A devastated world after some apocalypse. There is a shortage of food so an egoistical butcher is feeding the inhabitants with human meat, mostly assistants in his butcher's shop. The new "assistant" who searches for a job is Louison who is rather thin. He meets strange tenants in his building: Aurora, who unsuccessfully tries to commit suicide; a father of two children; a man whose mother in law is killed by the butcher because she passed her age limit...In order to save Louison, Julie, the butcher's daughter, hires a secret group to save him from the building. The butcher throws a boomerang-knife at Louison, but it flies back killing him instead.

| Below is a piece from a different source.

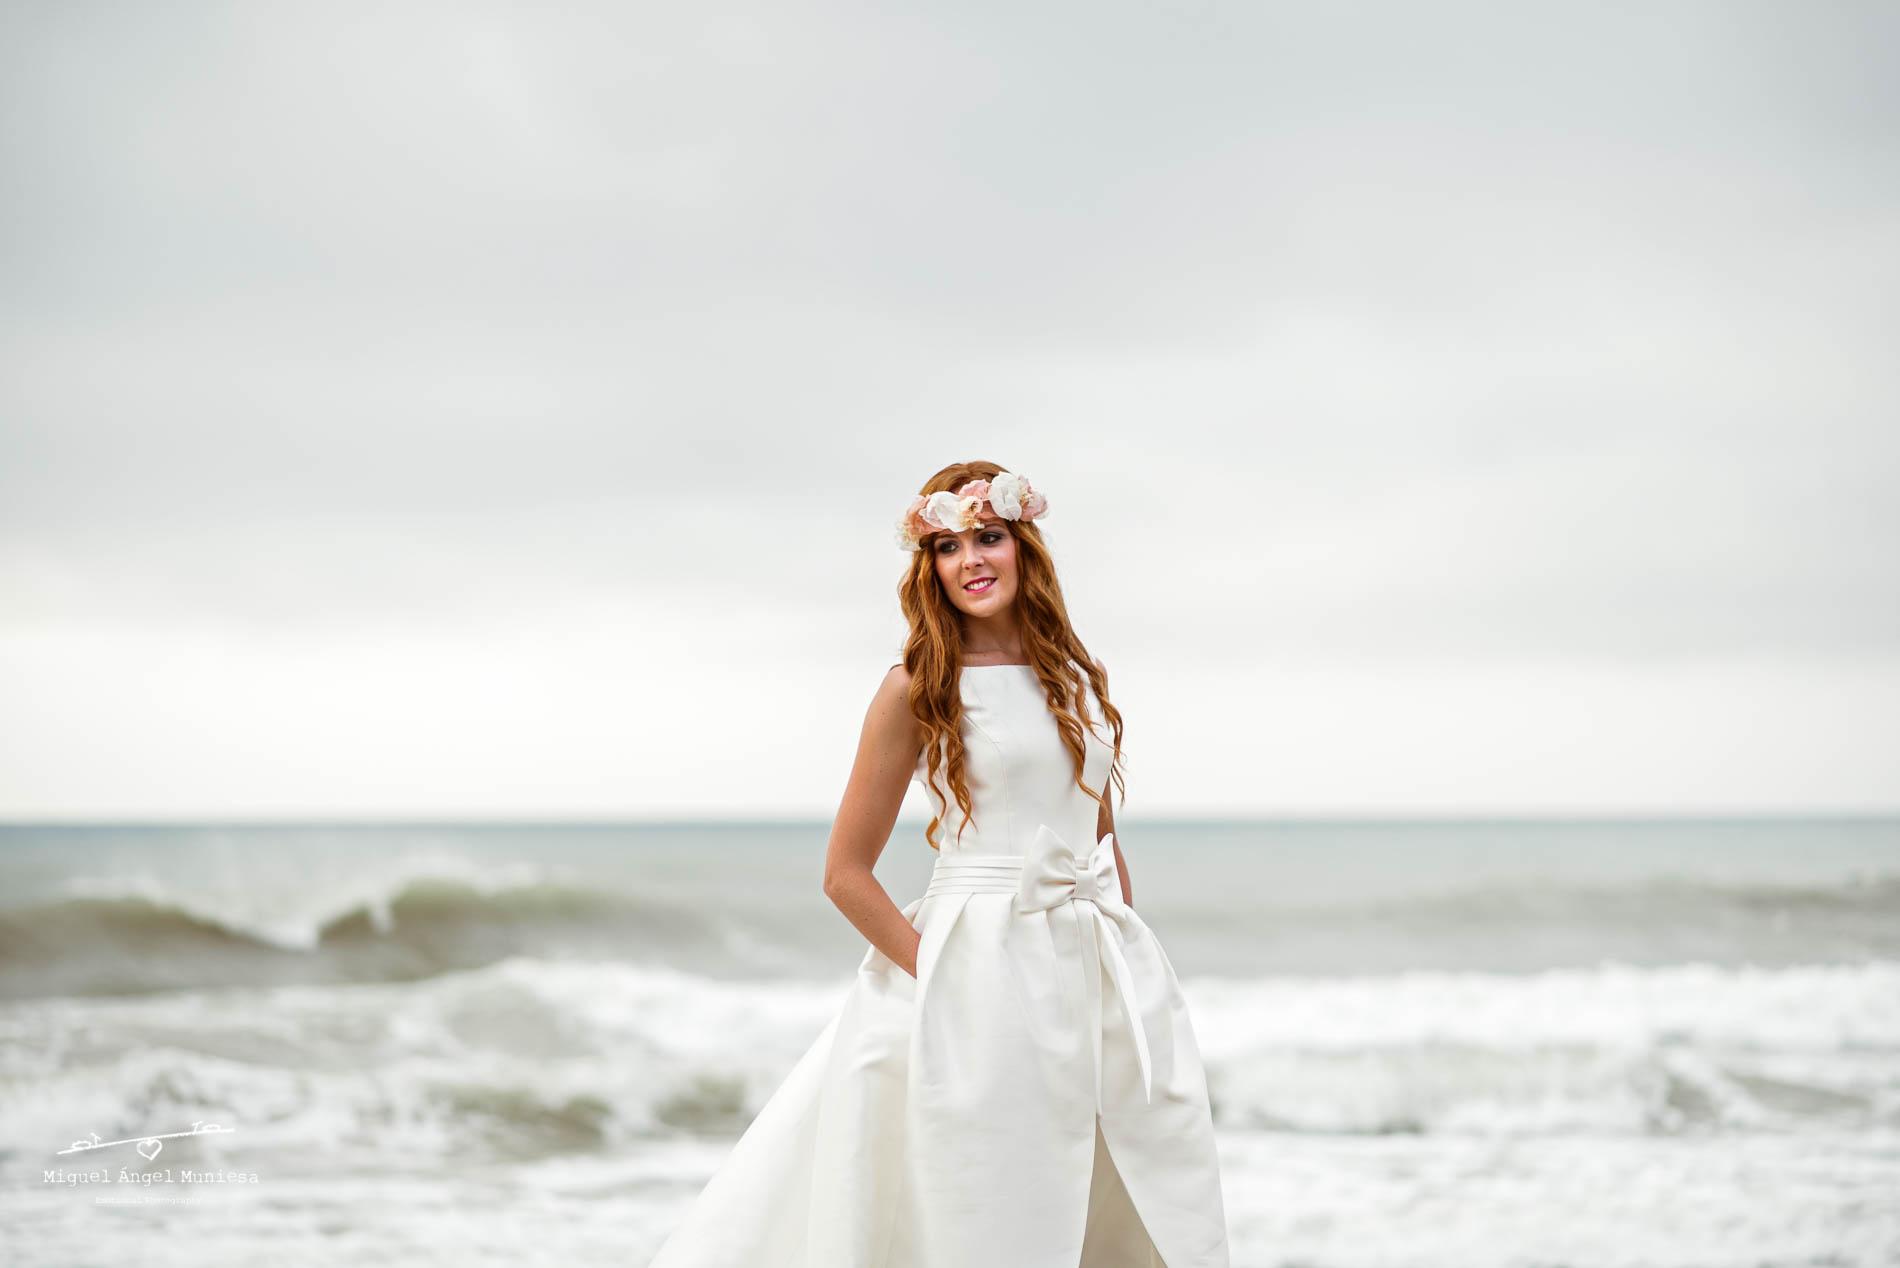 boda, fotografia de boda, boda zaragoza, fotografia, wedding, wedding photography, miguel angel muniesa, fotografo boda Zaragoza, fotografo boda, destination wedding_ 0003
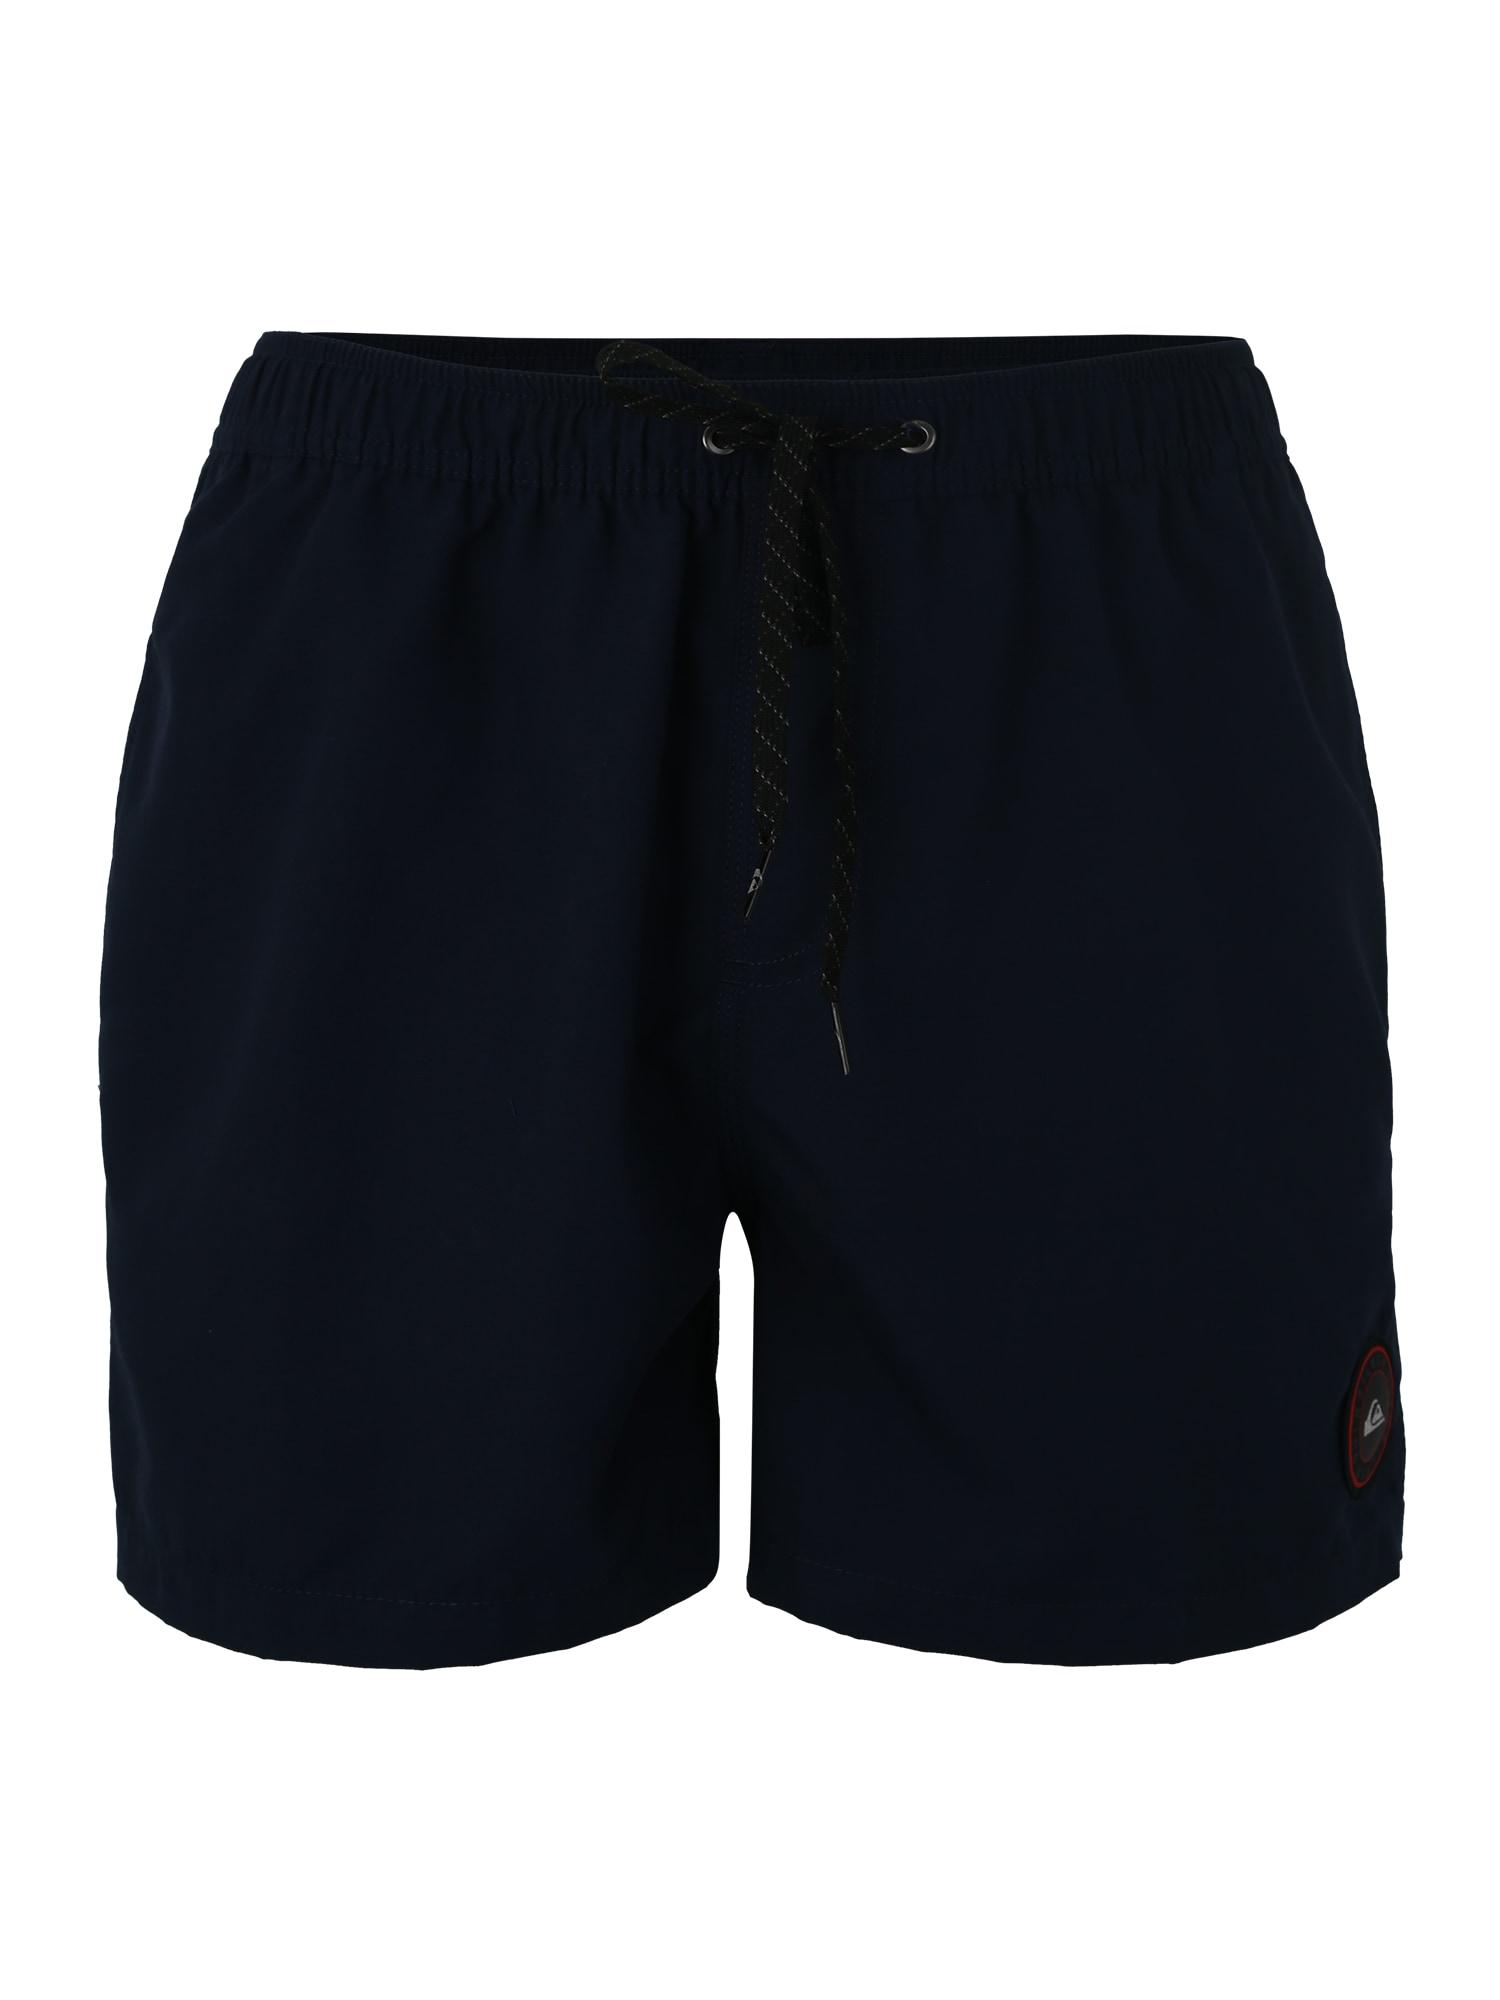 Plavecké šortky Everyday 15 Volley tmavě modrá QUIKSILVER

"Delicatessen" gained global cult status after it's premiere. Unjustifiably. Fans of the genius director Jean-Pierre Jeunet will conclude with shock that his smashing visual style is in this film - practically absent. Everything is shot with normal, conventional camera angles so the caricature story with a forced sense of humor works only moderately well. "Amelie" and "The City of Lost Children", Jeunet's later films, contained 4 times more visual style than here. Still, looking at other aspects of this feature length debut film, "Delicatessen" have enough virtues on their own to stand out from the usual French cinema, mostly thanks to their solid ideas: the protagonist Louison takes a cigarette and puts smoke into the a bubble of soap. The postman breaks the glass by spitting on a framed photo. And the Aurora part is a small jewel: she wants to be absolutely sure that she will commit suicide so she places a gun, a hanging rope, deadly pills with a glass of water and gas with a smudge mop...But just then it all comes out beautifully different, namely the gun hits the rope so she falls and accidentally extinguishes the fire with the spilled water. It was nominated for a BAFTA as best foreign language film.